Agent 47 is a high-level assassin, neutralizing important figures from world leaders to heads of crime families. It only makes sense that your actions have repercussions in the game world. IO have already introduced some form of consequences with the rating system – post-mission analysis can label you anything from ‘Silent Assassin’ to ‘Butcher’ depending on how professional or sloppy you were. The notoriety system introduced in Hitman: Blood Money expanded on this further, with people reacting to you if caught on tape. Let’s see IO expand on this to add another layer of challenge in Absolution. Make too much of a mess in a mission, and people will be on high alert in future levels. Kill enough civilians, and your bald head is #1 on the cops’ Most Wanted list. Having the consequences of your actions carry over into future missions would encourage you to think ahead not only to the rest of your current mission, but also to future missions. You want to be a professional? Act like one.

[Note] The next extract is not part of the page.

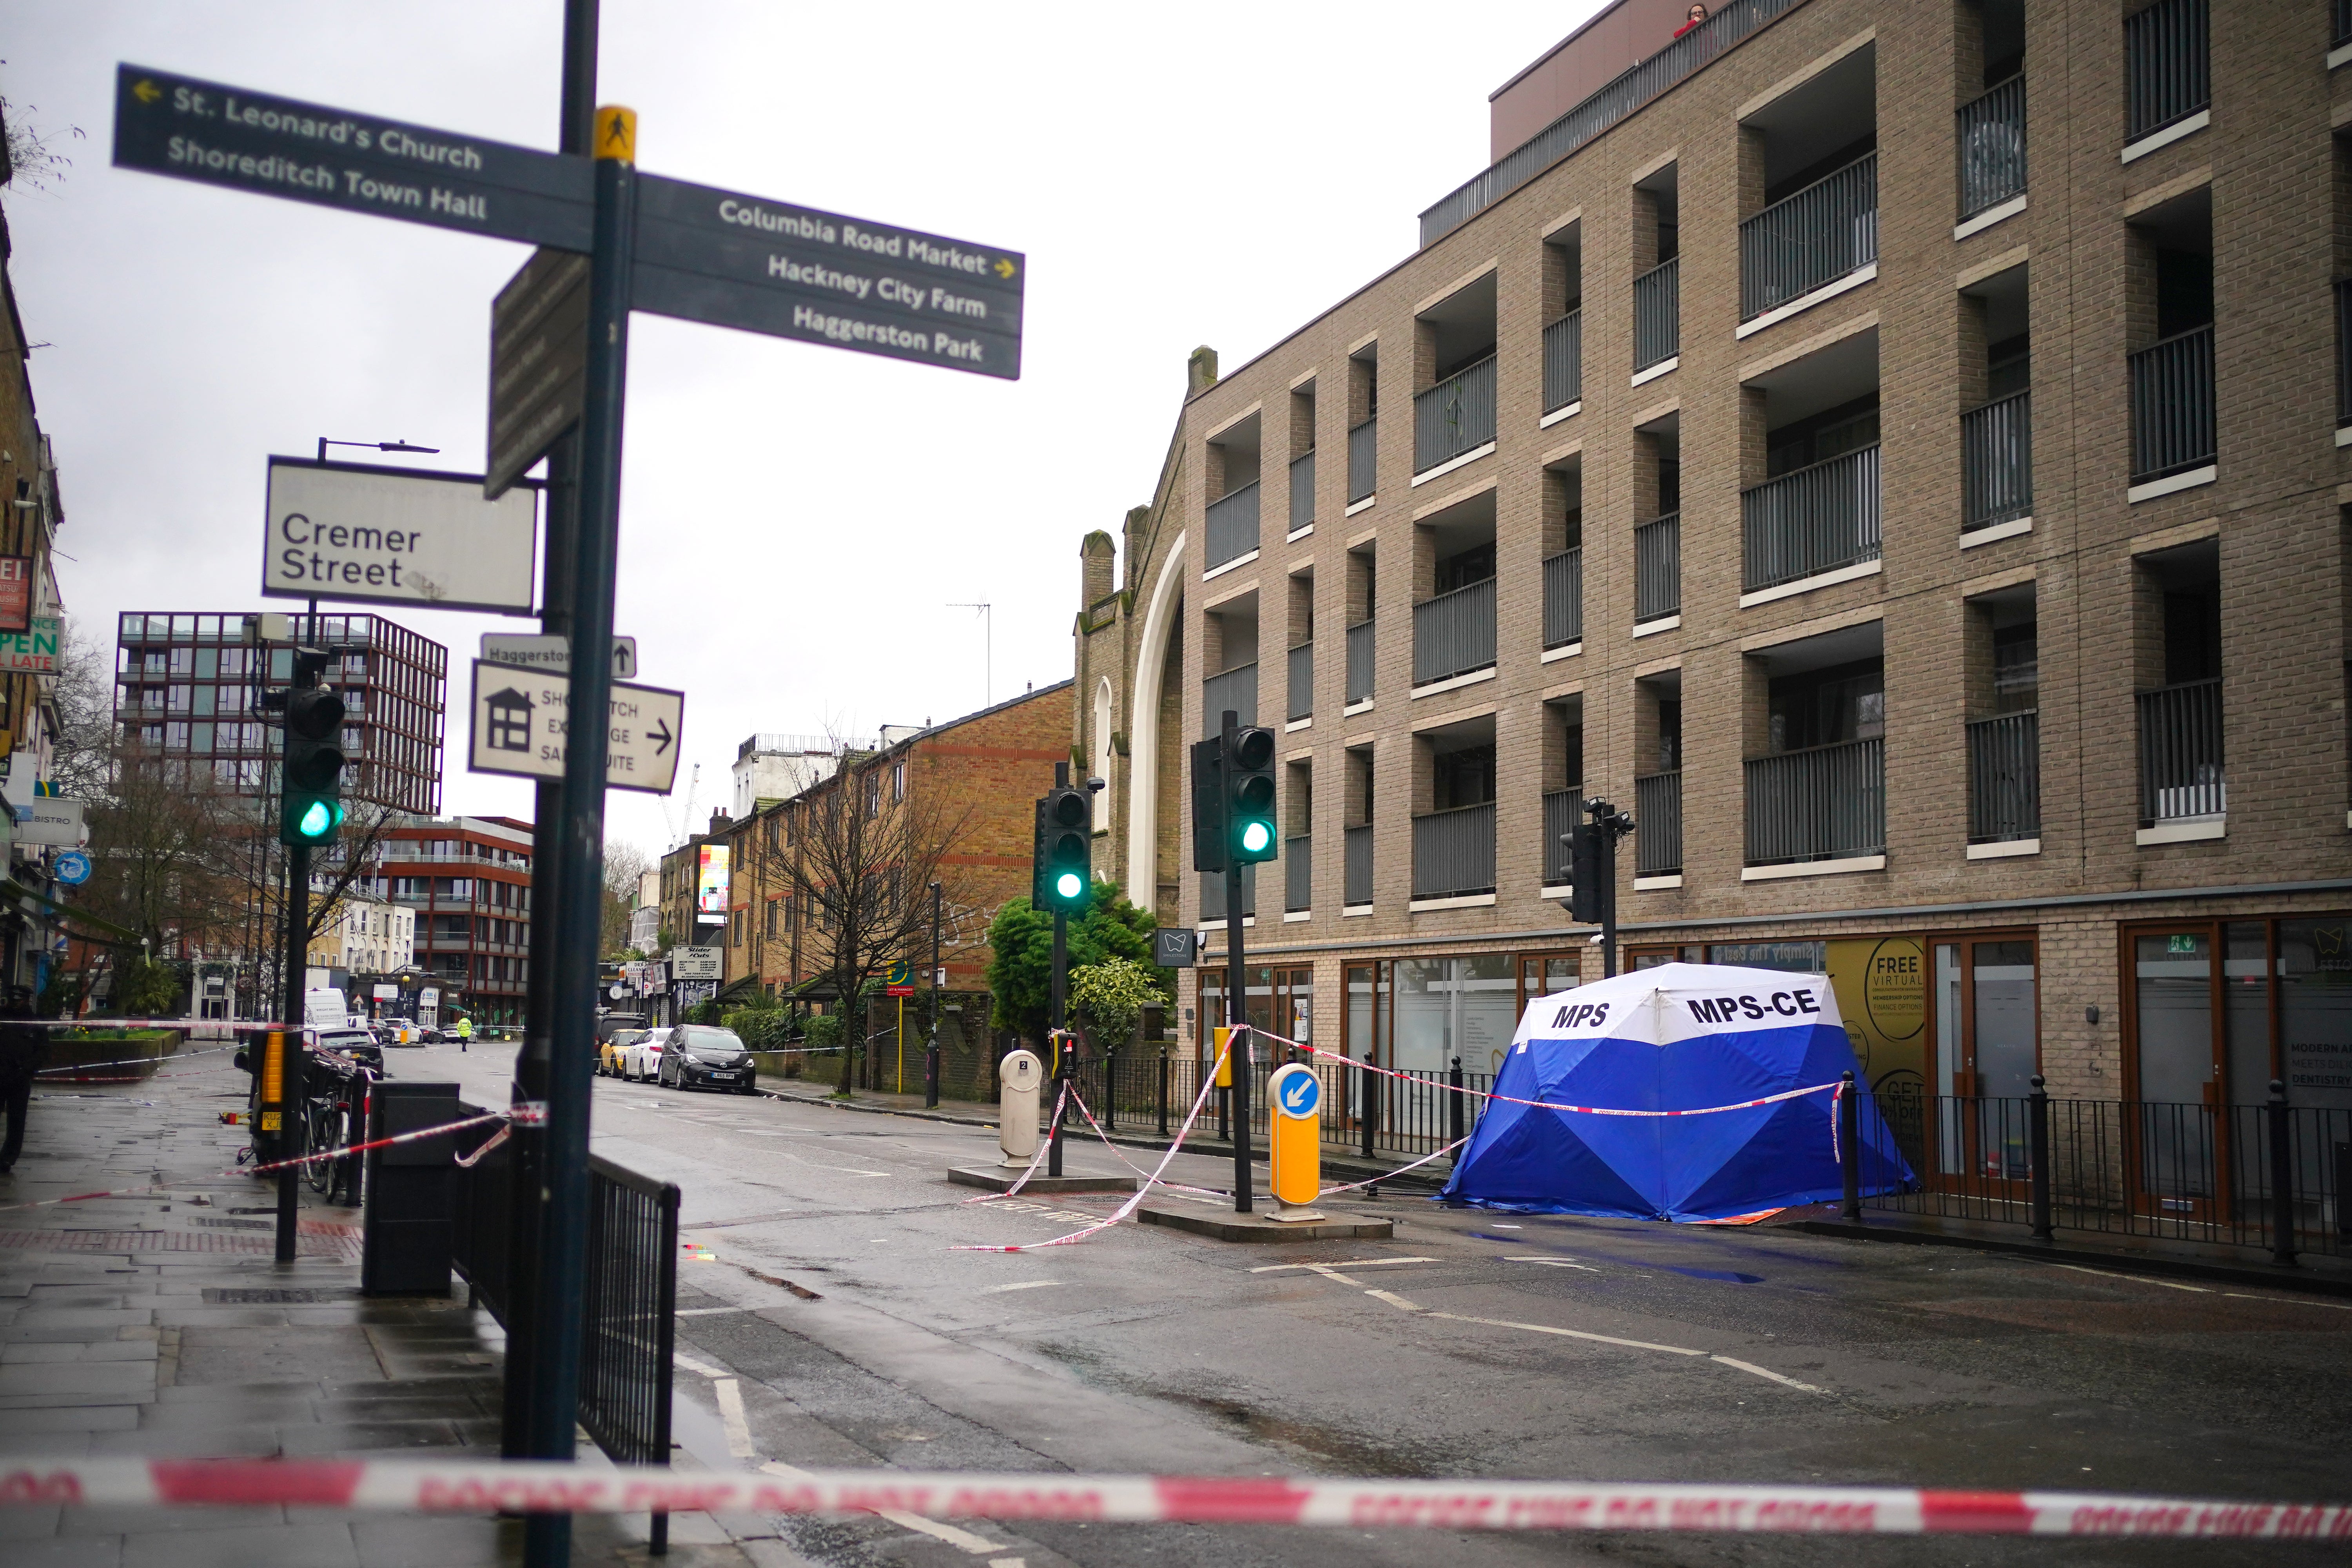 The scene of the murder in east London

Another way to give your actions some weight is to give them a monetary value. As a professional killer, the murder of innocents may fail to resonate with you on an emotional level, but if it hits you in your wallet – subtracting money from your mission payout for every sloppy civilian death or dead guard – that’s a language you’d understand. You cold blooded sonuvabitch, you. The totals that you amass across Hitman: Absolution could be used for upgrades based on your own playstyle. Like to snipe? Give your sniper rifle a thermal scope and armor-piercing rounds and you’re a force to be reckoned with. If you prefer the direct approach, buy yourself some body armor and an expanded clip for your shotgun. In addition to increasing replay value, a fleshed out in-game economy would really allow you to play Hitman: Absolution uniquely.
#6: Genre integrity
Hitman games are first and foremost stealth action games – remember those? Recent attempts at current-gen stealth action titles have resulted in streamlined attempts that really step away from the genre. Splinter Cell: Conviction, for example, while a good game, emphasized combat more than any other Splinter Cell title, giving the player more linear levels and forcing them to kill their way through instead of sneak.
This is the one area in which IO could really drop the ball. After all, the game is called Hitman, not Mass Murderer. It’s not so much an action game in which you happen to hide a lot as it is a puzzle game in which people tend to die. Sacrificing some of the classic cerebral Hitman gameplay for more action in the name of streamlining would be doing a huge disservice to the series.
#7: A well-executed single player experience
Hitman games have always been very methodical, very meticulous, and above all, single player games. While I know the temptation to slap on a multiplayer mode is strong, it wouldn’t be doing the Hitman: Absolution any favours. Hitman games have never lent themselves to the fast-paced, run’n’gun bloodshed of multiplayer, and including it would feel forced and awkward. Replay value in these games should stem from trying to increase your rating, or exploring other ways to nail your mark, not from a Team Deathmatch mode. Too many great single player games have received half-baked multiplayer add-ons lately (ahem, Dead Space 2) that have made me say “no thank you.” Instead, spend the time refining the single player experience to be the best it can be.
Although it will be a while yet until we see Hitman: Absolution in the shops, I’m excited for it nonetheless. The success of the series is based on a gameplay style unique to the franchise that make it instantly recognizable as Hitman. If IO recognises what makes their series great and is unafraid to keep the core stealth action gameplay intact, Hitman: Absolution will definitely be a title to keep in your crosshairs. Oh yes I did.
The Hitman: Absolution release is currently a loose 2012.